Ray Saari (born April 18, 1995) is a former American soccer player.

Early life

Saari was raised in the Kansas City area and attended Oak Park High School. He was diagnosed with testicular cancer at the age of 15 and underwent several months of chemotherapy before returning to the high school's soccer team.

Career

College
Saari spent his entire college career at the University of Tulsa.  He was a starter all four years. He made a total of 69 appearances, and tallied 12 goals and 12 assists. His sophomore season he was named to the American Athletic Conference All-conference team. In his senior season despite missing five matches, Saari finished as the team's second leading scorer and earned a spot on the NSCAA All-East region first team.

Saari spent three seasons with NPSL side Tulsa Athletic, playing a pivotal role in winning conference titles in two of his three seasons there. His advanced attacking role with the club yielded nearly a point a game and showcased his creative ability in the final third.
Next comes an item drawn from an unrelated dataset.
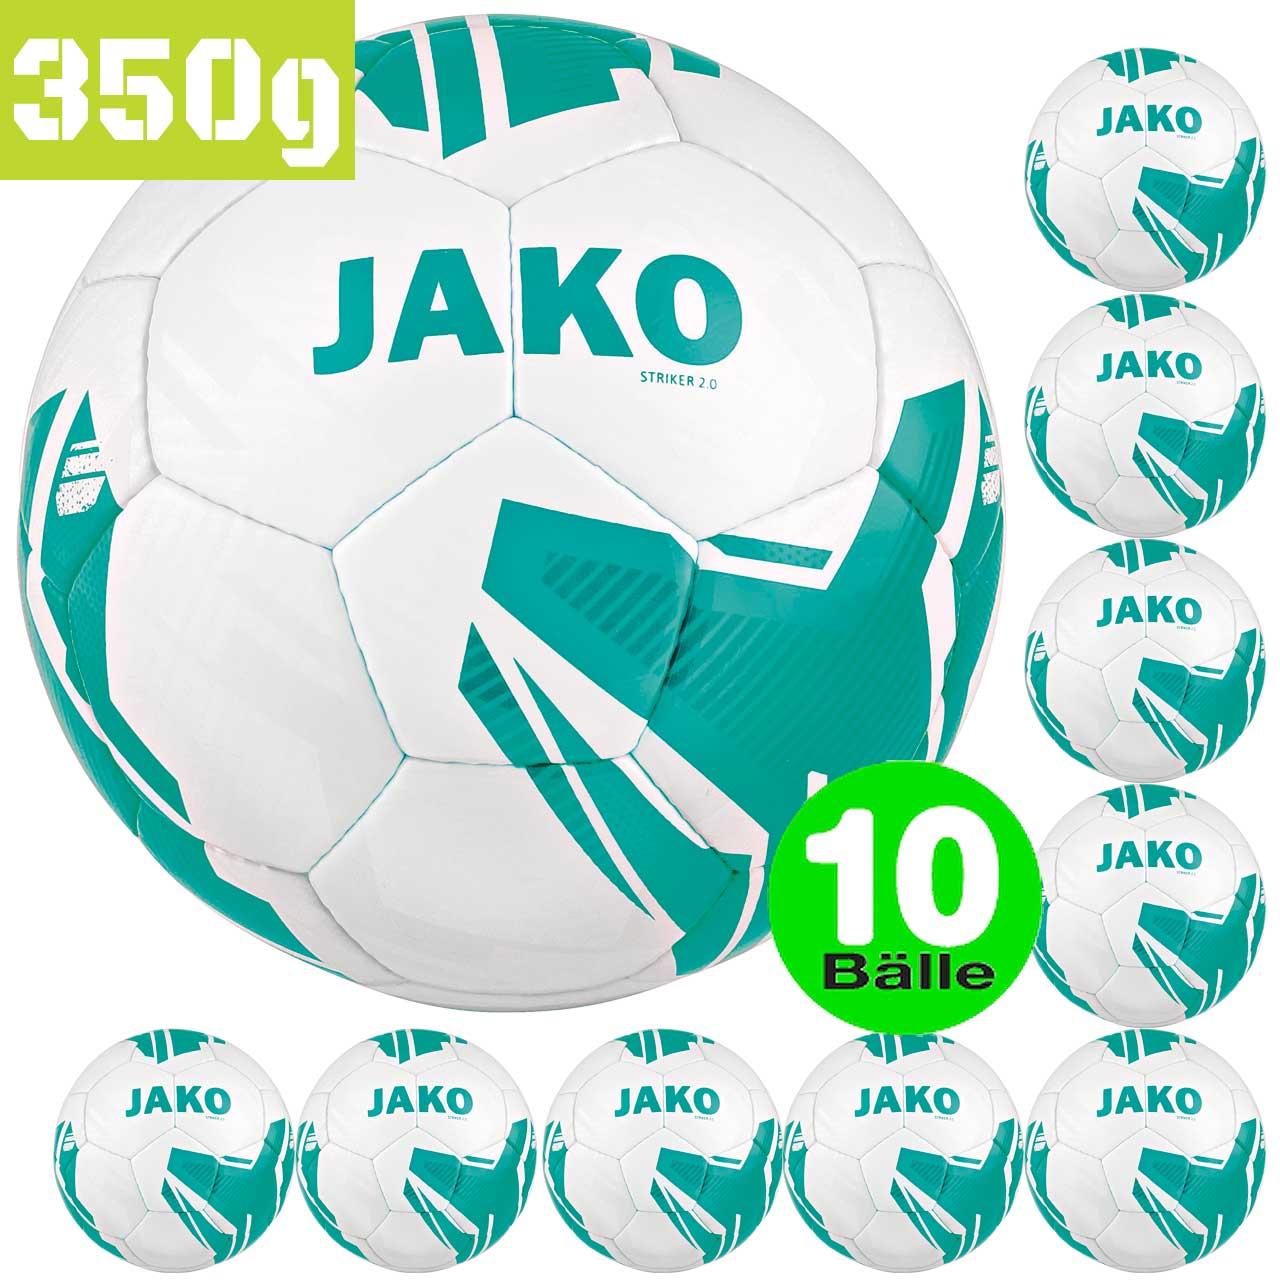 Ballpakete | Sport HAAS Online

Saari is among the all-time point leaders at the club registering 12 goals and 13 assists.

He also played in the Premier Development League for Houston Dutch Lions.

Professional
On March 22, 2017, Saari signed his first professional soccer contract, joining USL club Seattle Sounders FC 2.  He made his professional debut four days later in a 2–1 defeat to Sacramento Republic. On September 13, 2018 Saari was released from Seattle Sounders FC 2 having played in 39 matches over two seasons for S2 and recording four goals and six assists.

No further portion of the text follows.